Aging computers, televisions, and other electronic devices often have one thing in common.
“They’re really hard to get rid of," said Steve McNelis, director of the Radnor Township Public Works Department.
Radnor, Main Line neighbor Tredyffrin Township, and other towns have occasional e-waste drop-off events, but the lines are long, and people complain.
But this year, Radnor and Tredyffrin have joined eight other municipalities in offering residents another option: They can text a local company to pick up their stuff at their door.
Curb My Clutter, a for-profit company based in Souderton Borough, Montgomery County, picks up both electronics and clothing to sell to third parties for reuse or recycling.
“I think most people in America want to do the right thing" by keeping usable items out of landfills, said Bob Anderson, the company’s vice president of business development, but “a lot of people just don’t have a means” for moving their stuff.
Residents get the convenience of scheduling pickups at their homes, and municipalities say they save time and money.
Communities in the area typically spend $50 to $85 per ton on landfill fees, said Anderson, a member of Philadelphia’s Solid Waste and Recycling Advisory Committee who has worked in the industry for three decades. So reducing waste reduces total fees.
Cutting waste also helps communities in Pennsylvania and New Jersey qualify for state environmental grants.
Municipalities do not pay for Curb My Clutter, which collects most items for free, the exception being the fees it charges for televisions — $35 for newer, flat-screen televisions or $100 for older, bulkier ones.
The company does not charge for picking up other electronics, such as stereo equipment, gaming consoles, and computers. It collects shoes, Halloween costumes, and jackets; bedding, such as comforters, sheets, and blankets; and household items, such as curtains, towels, and tablecloths.
Curb My Clutter targets clothes headed not to Goodwill or a local thrift shop but to the dumpster. Roughly 10.5 million tons of textiles went to landfills through municipal waste in 2015, according to the most recent U.S. Environmental Protection Agency data. But clothing can fetch $400 to $700 per ton if recycled for domestic or international use, Anderson said.
“You have all this significant value that’s just going in the landfill,” he said.
In addition to Radnor and Tredyffrin, Curb My Clutter makes local pickups in Swedesboro Borough and Woolwich Township, Gloucester County; Gloucester and Pine Hill Townships, Camden County; and Springfield and Lower Merion Townships, Montgomery County. The company also operates in Bethlehem, Pa., and in Westfield, in North Jersey.
The company is in talks with several other Philadelphia-area communities and expects to add hundreds of thousands of households in the next few months, Anderson said.
Philadelphia plans to bring back bulk trash pickups at residents’ curbs, a service the city discontinued in 2008 to save money.
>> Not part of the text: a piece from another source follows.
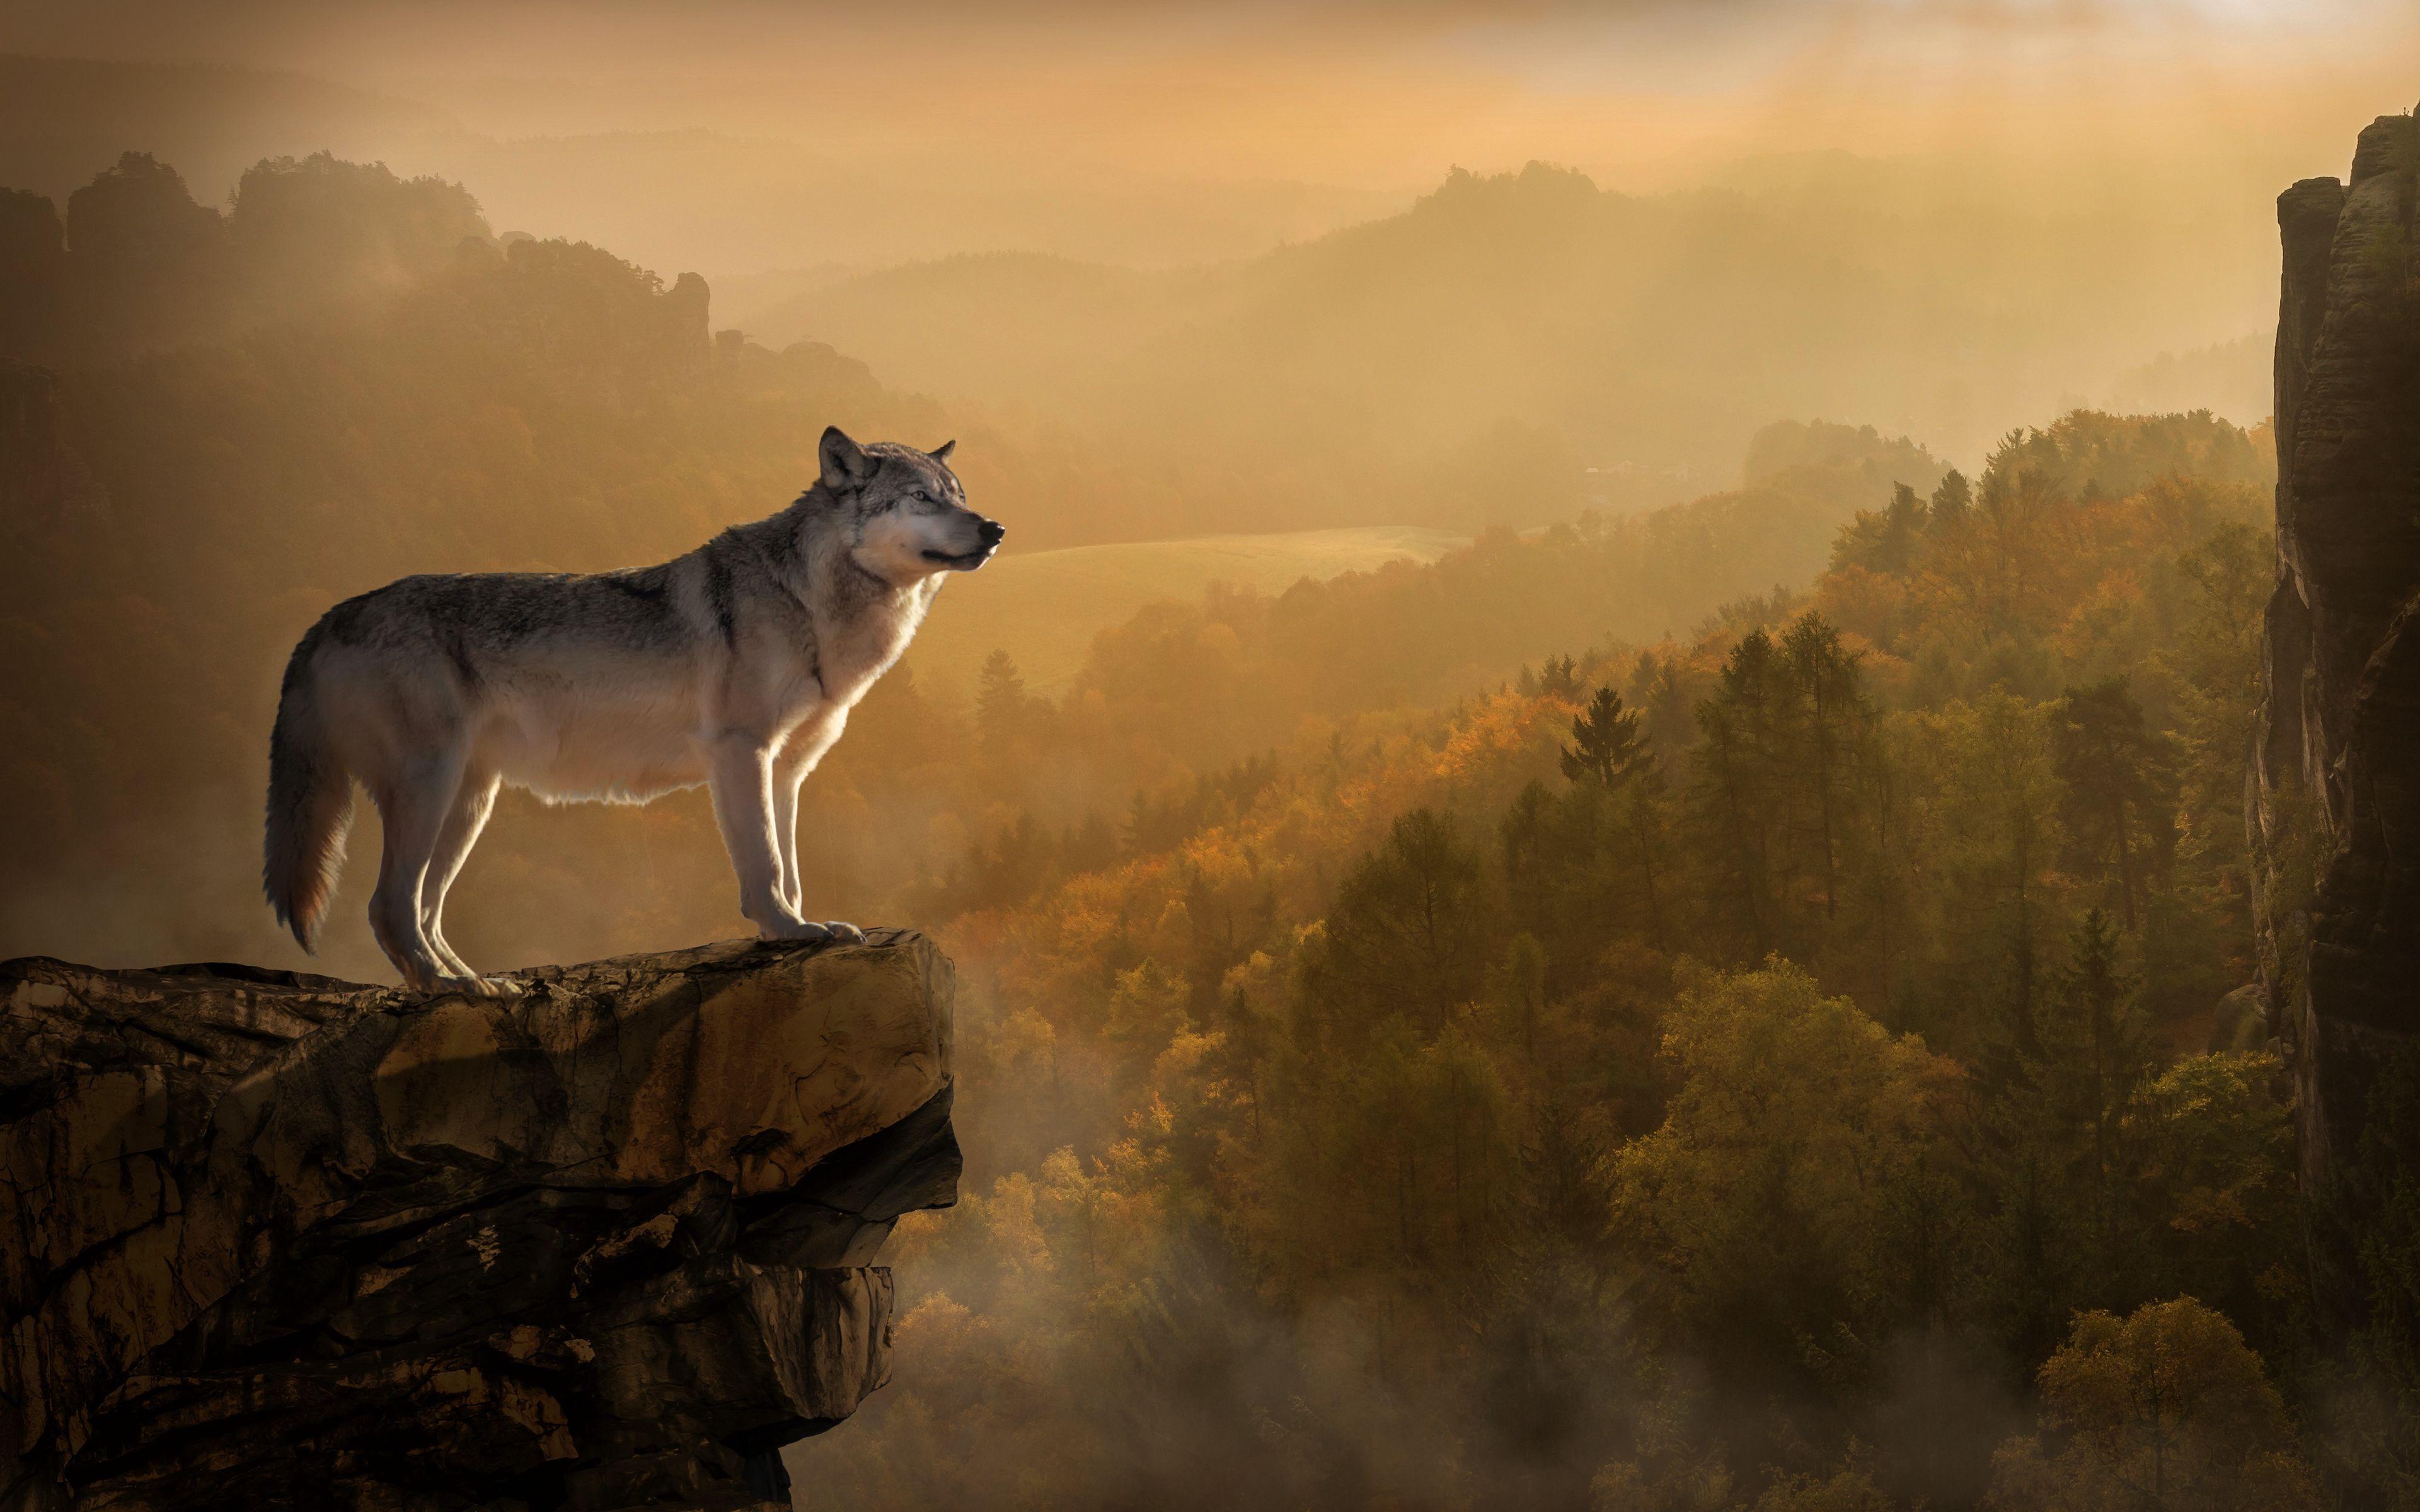 Fondos de pantalla Lobo en una roca arriba del bosque

But some towns and cities, including Woolwich, would rather cede responsibility for disposing of electronics to Curb My Clutter.
“It frees up our workers [to do] the other thousand things they have to do in the township," Mayor Vernon Marino said. “It’s good for the environment, good for the community.”
Nearly 200 residents in Woolwich, which became the first community to partner with Curb My Clutter in February 2018, have gotten rid of roughly 6,640 pounds of clothing and 13,900 pounds of electronics, according to the company.
Since Tredyffrin began its pilot program with the company in January, 15 residents have set out nearly 140 pounds of clothing and about 750 pounds of electronics. Since last summer, Curb My Clutter has picked up 3,060 pounds of clothing from Gloucester Township residents.
Gloucester picks up residents’ bulk trash but not clothes.
“We encourage our residents to recycle as much as they can and now we’re providing the ability to recycle clothing,” said Mayor David Mayer, adding that the service fits into the township’s sustainability goals.
Although the township teams up with counterparts in Camden County to reduce the cost of trash disposal, Mayer said landfill fees rise every year. Gloucester pays $60.50 per ton.
Mayer said township officials hope to make people aware “that there is a price, a cost to disposing of trash.”